# Train HVAC System



## Bobby (Aug 14, 2017)

I have looked extensively online to no avail. Does Amtrak (or anyone reading this) have any schematics or just plain info on the heating and A/C systems on their trains? Like cubic feet per minute (CFM) of output at a single vent? What the supplies and returns look like? Where they are located? ie, Are they long and thin? Or are they like an airplane with a small circular vent above your head? Thank you very much!


----------



## jis (Aug 14, 2017)

The small circular vent above your head is not the only HVAC inbound vent on planes.
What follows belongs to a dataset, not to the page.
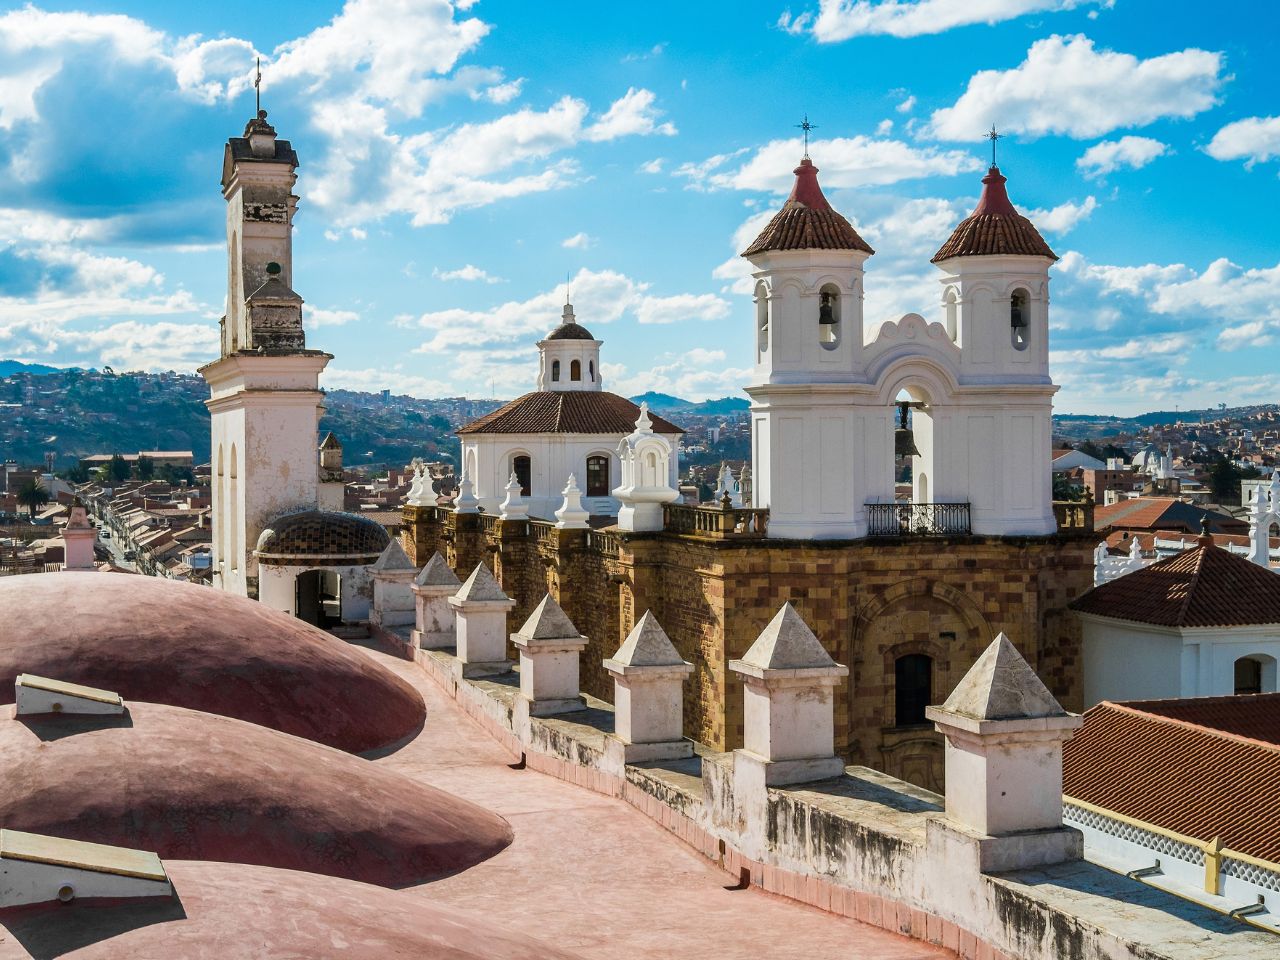 Reiseziele in Südamerika: Sucre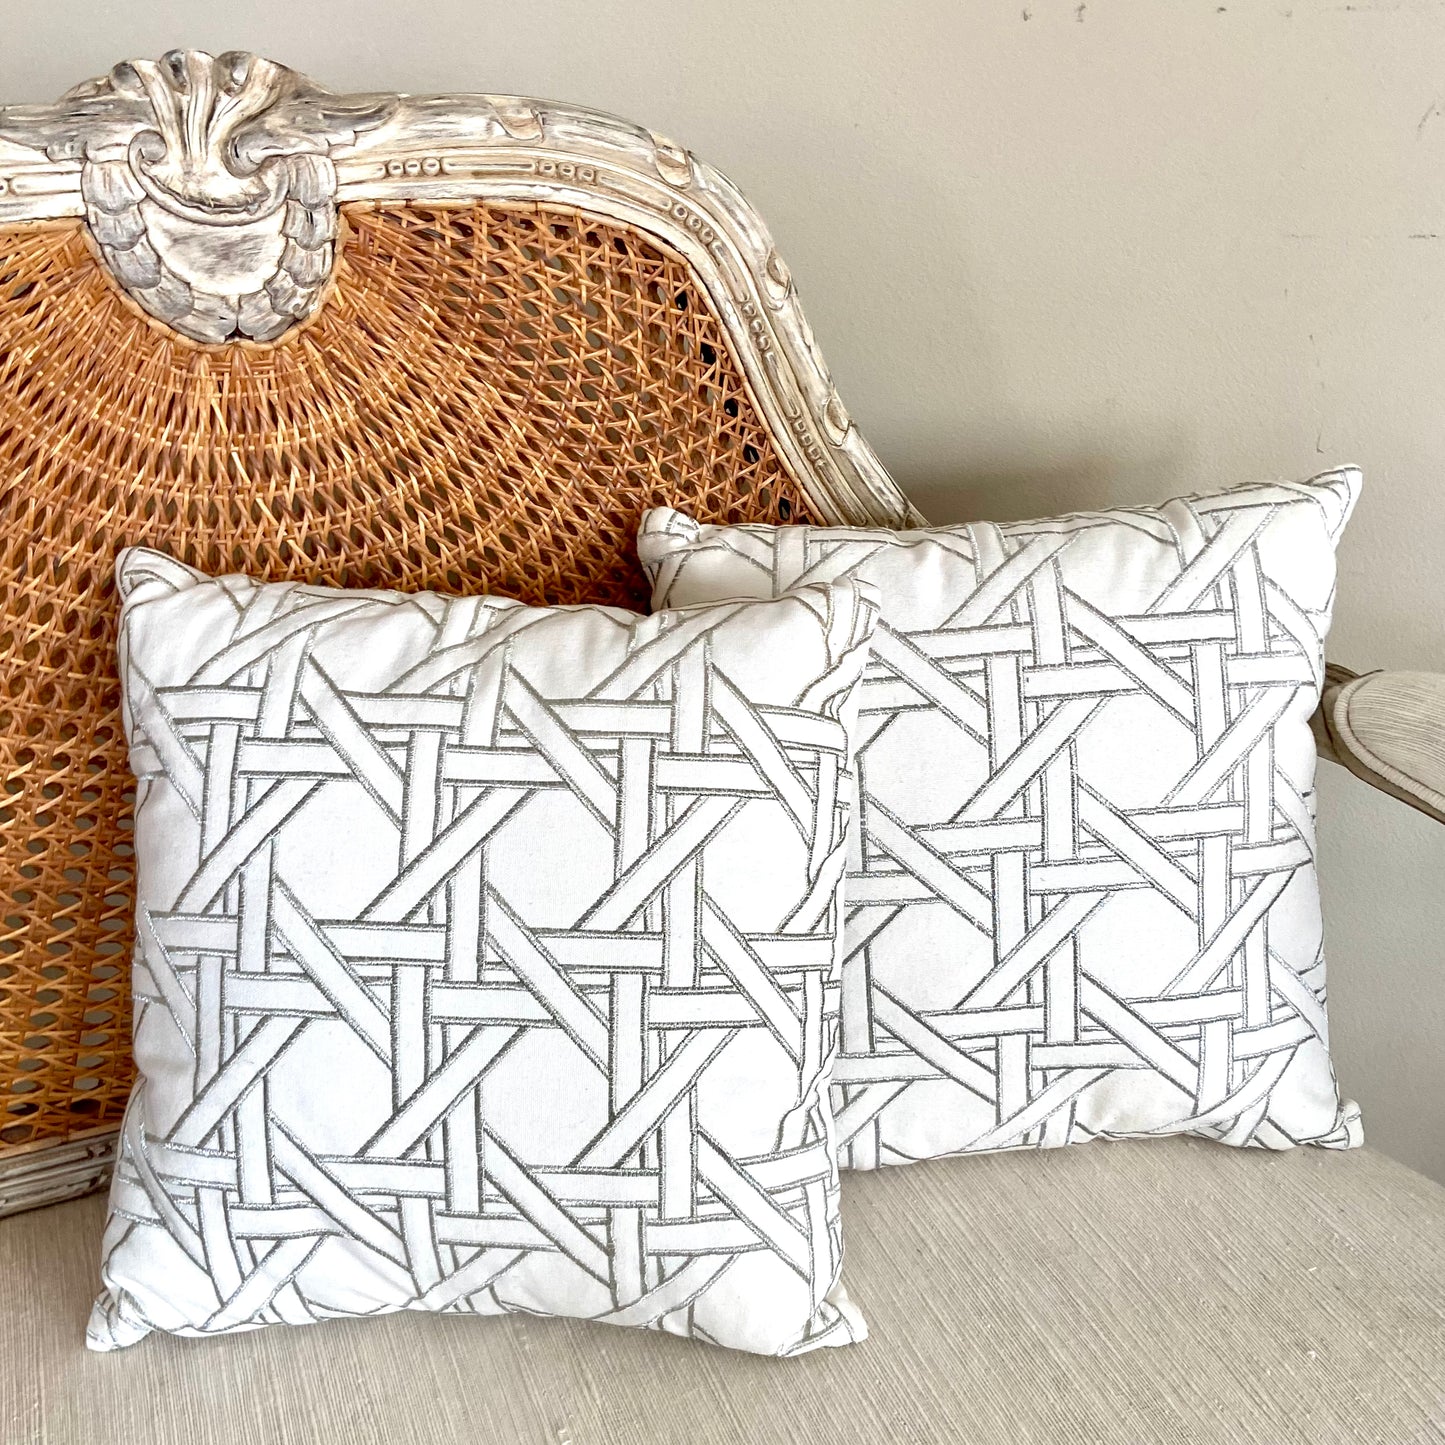 Designer Pair (2) cane throw pillow, white/grey, 16x16” - Pristine!

Indeed many planes don't have any such overhead vents for individual seats at all.


----------



## PVD (Aug 14, 2017)

The different types of cars are somewhat unique. Providing comfort into little cubicles like a sleeper is very different than an open area like a coach. And single level is different than a superliner where air can rise or fall through the stairs.


----------



## Devil's Advocate (Aug 14, 2017)

Bobby said:


> I have looked extensively online to no avail. Does Amtrak (or anyone reading this) have any schematics or just plain info on the heating and A/C systems on their trains? Like cubic feet per minute (CFM) of output at a single vent? What the supplies and returns look like? Where they are located? ie, Are they long and thin? Or are they like an airplane with a small circular vent above your head? Thank you very much!


Yes, Amtrak has schematics of the HVAC system of each car. What sort of as yet unexplained problem are you trying to solve with this bizarrely worded question?



jis said:


> The small circular vent above your head is not the only HVAC inbound vent on planes. Indeed many planes don't have any such overhead vents for individual seats at all.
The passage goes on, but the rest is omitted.